There are many explanations for how the country arrived at this dangerous point. But one big one is the perverse incentives in our current electoral system, especially the partisan primaries that reward candidates who put party loyalty over the national interest. The primary season that will wrap up next week is likely to put in place one of the most divided and least accountable Congresses in living memory. But it also offers a glimmer of hope from states such as Alaska that have introduced promising electoral reforms to select more representative candidates. They could show the country a way out of its current partisan downward spiral.
Thanks to the latest round of redistricting, both parties have concentrated their voters such that more than 90% of congressional districts now lean either heavily Democratic or Republican. Combine such gerrymandering with partisan primaries and you have an uncompetitive democracy in which candidates who win the primary election of the dominant party become a shoe-in for the general election. This is especially the case in a first-past-the-post system in which a winner needs most—not the majority—of votes. This problem is so widespread that, in the last election, only 10% of eligible voters nationally decided nearly 83% of Congressional seats in 2020, an analysis conducted by Unite America found. The trend for this election cycle is tracking to be even more lopsided.

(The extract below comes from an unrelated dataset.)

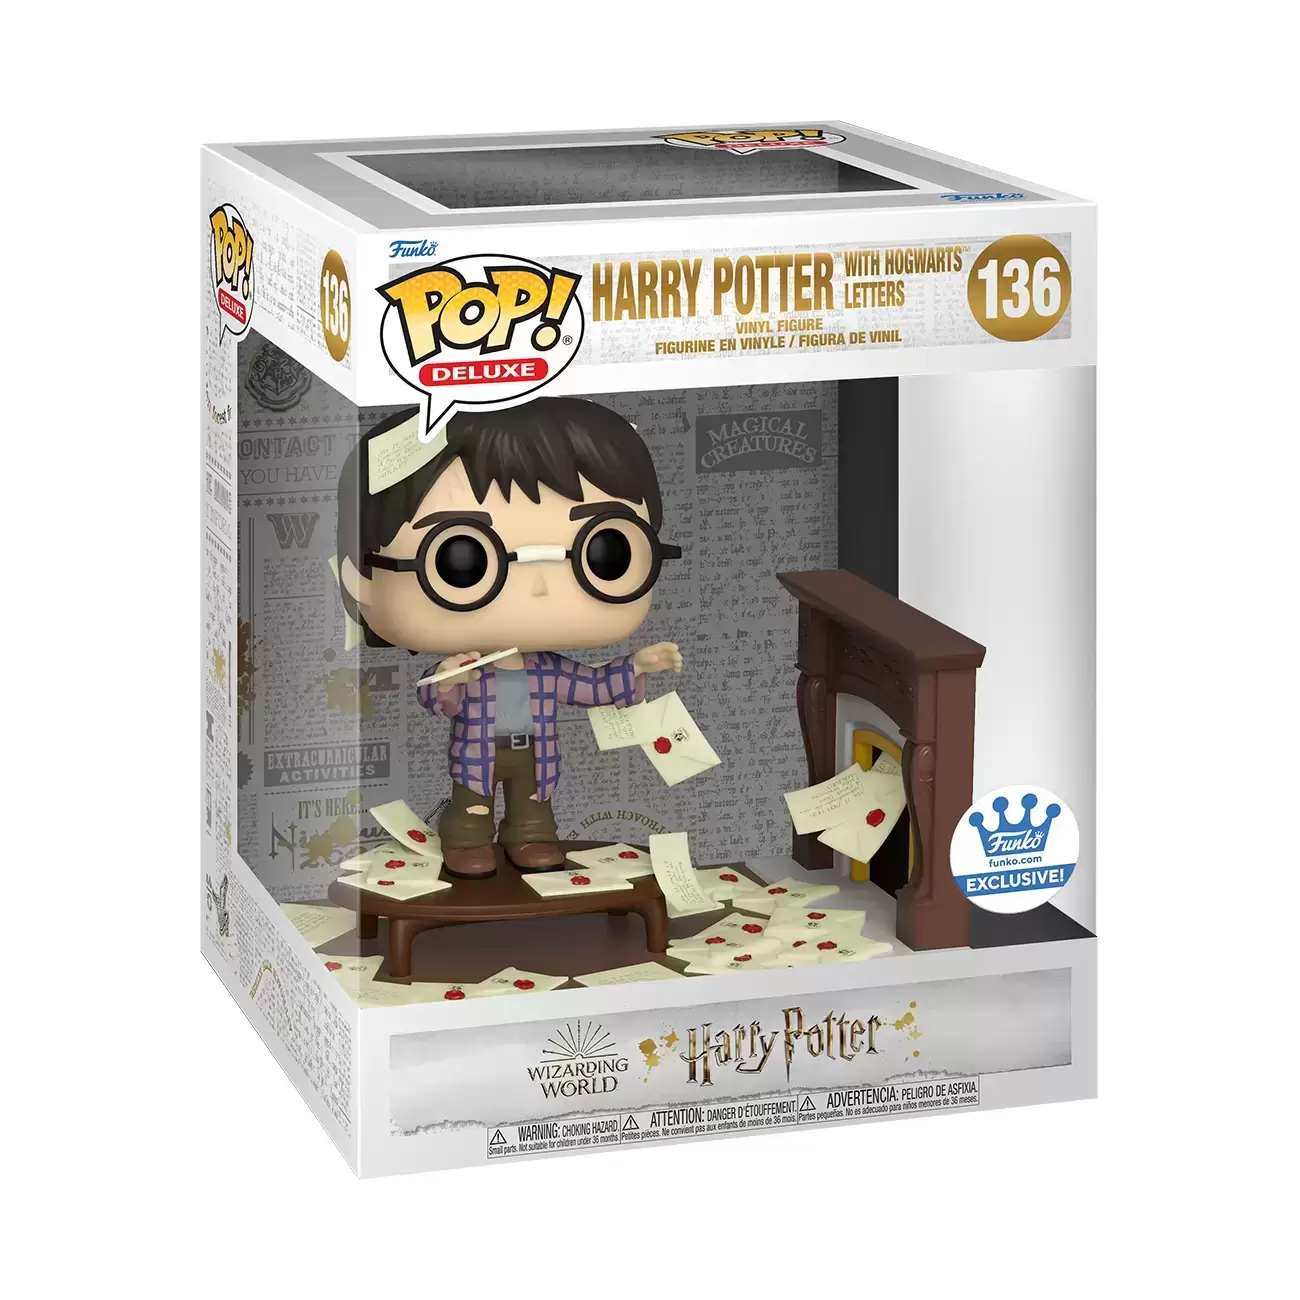 POP! Harry Potter - Harry Potter with Hogwarts Letters

This means millions of voters are being locked out of meaningfully participating in elections for their representatives just because of their party affiliation. But even this doesn’t fully capture the depth of the problem. Primaries are usually low-turnout events in which voters who show up tend to be the most ideologically motivated. This rewards candidates who are willing to cater to the most extreme elements in their midst, engendering negative polarization.
Consider the ways in which this phenomenon has contributed to America’s current crisis: Ten House Republicans stood up to former President Trump and voted to impeach him after his attempt to overturn the last presidential election. Four of them decided to not even run again this year because they didn’t want to endure a bruising primary battle with a Trump-backed MAGA candidate. Four lost their primaries, including Reps. Liz Cheney and Peter Meijer. Only two—Reps. Dan Newhouse and David Valadao—won.
What was the difference? Wyoming, Cheney’s state, and Michigan, Meijer’s state, both have partisan primaries. They’re not as strict as the nine “closed” primary states that limit participation to registered Democrats and Republicans—but they still require voters to select either a Democratic ballot or a Republican ballot to participate. By contrast, Washington, Newhouse’s state, and California, Valadao’s state, use nonpartisan primaries, which allow all eligible voters, regardless of party, to vote in primary elections in which all the qualified candidates in a given race—Democratic, Republican, or otherwise—appear next to each other on the ballot. (In Washington and California, the top two finishers, regardless of party, advance to the general election.)
In a nonpartisan primary, all the voters get a say—they all get to participate in screening their primary choices.
By contrast, in Cheney’s and Meijer’s elections—in the majority of states, actually—only a select group gets to participate. As a result of this, as well as the increase in “partisan sorting” and heavily gerrymandered districts, this voting bloc often chooses general election candidates that are not representative of the full electorate.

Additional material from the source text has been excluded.